Here is a very simple one to try. Get comfortable in a place where you won’t be disturbed and close your eyes. Inhale deeply through your nose, expanding your chest for 4 seconds, then do a longer slow exhalation through your month for a count of 8, and repeat. If 10 minutes seems too long try just 5 and then build up. You’re actually meditating at this point, but don’t worry I won’t tell anyone (wink). Also use this trick before a performance, when things feel slightly overwhelming or before bed. Yoga can help too to calm breathing and also add some gentle stretching to your day.

 

  1. Take care of what you take in.

This applies to the food you consume but also the information too. I take care that when things are stressful I go back to basics that I know will support my mental and physical health. These are a whole food diet, and lowering alcohol and caffeine to preserve my sleep and maintain my gut health. As well as this I may choose to turn certain notifications off on my phone or just limit the news to 30 minutes per day so I can ensure I’m filling my environment with positivity, and my body with goodness.
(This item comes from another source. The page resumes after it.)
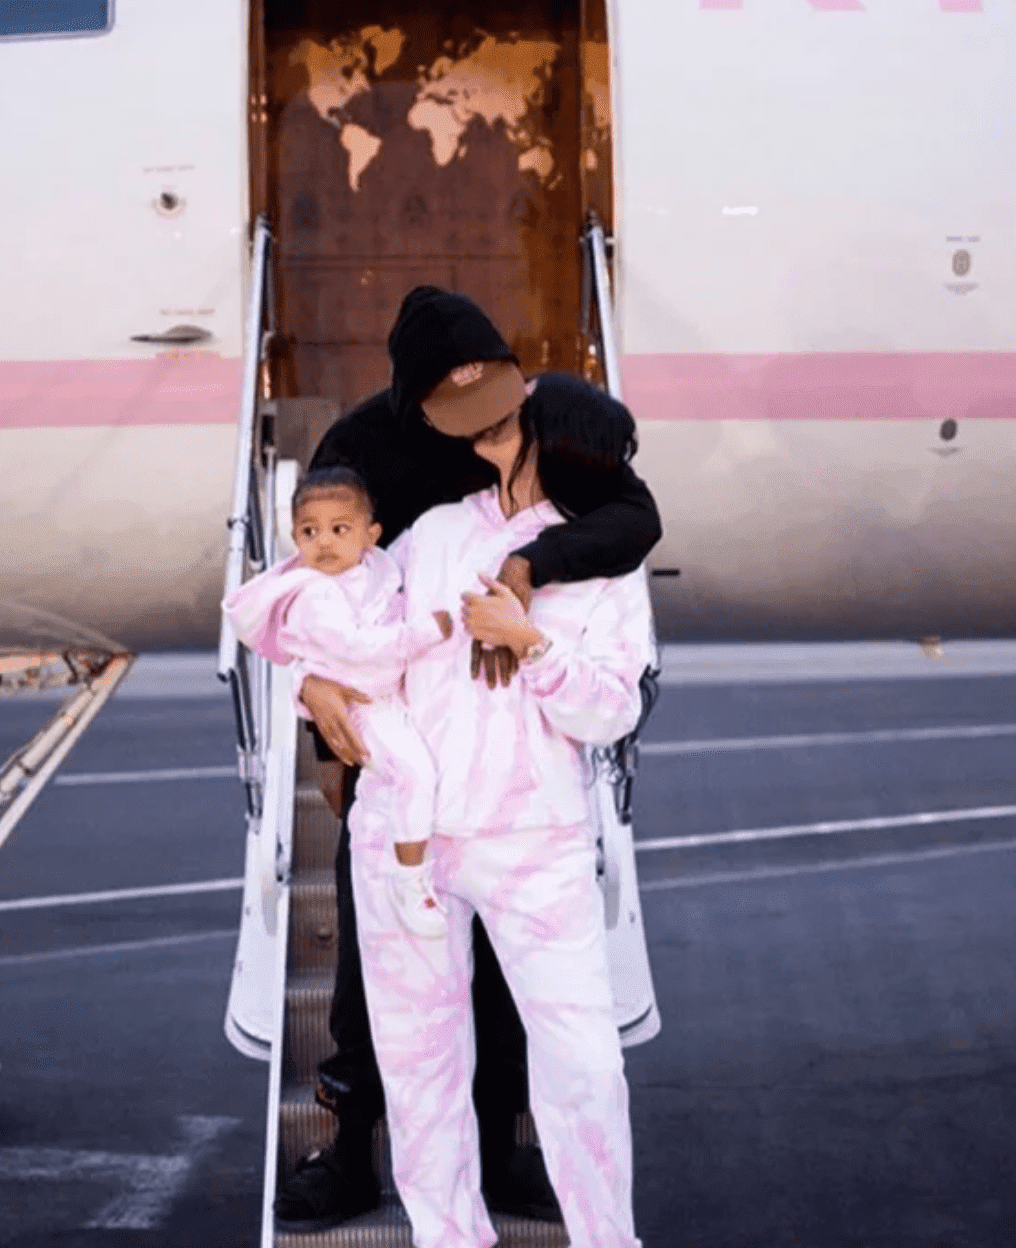 Travis Scott, Kylie Jenner and Stormi Webster. | Source: Instagram/kyliejenner

This is not burying your head in the sand, it is being smart and selective about what you choose to make your daily reality consist of, as we are a product of that daily reality after all.

 

If you are just starting on your fitness journey I would encourage you to do three simple things.

  1. Try to add some walking into your week. So simple and easy to do, but so effective for mental and physical health. Perhaps schedule in some a few times in your schedule and try to stick to them.
  2. Find a friend to exercise with. Having someone to be accountable to will help to motivate and chances are you’ll get some things off your chest by talking while you’re working out – so there’s a double mental and physical benefit right there!
  3. Just start with ten minutes – even a short period of exercise can bring benefits.

 

Finally, I would urge anyone feeling stressed to reach out and tell people. Real strength lays in sharing problems and concerns and then finding solutions to challenges. Take care of your mind and your body and in the long term they will thank you and take care of you back.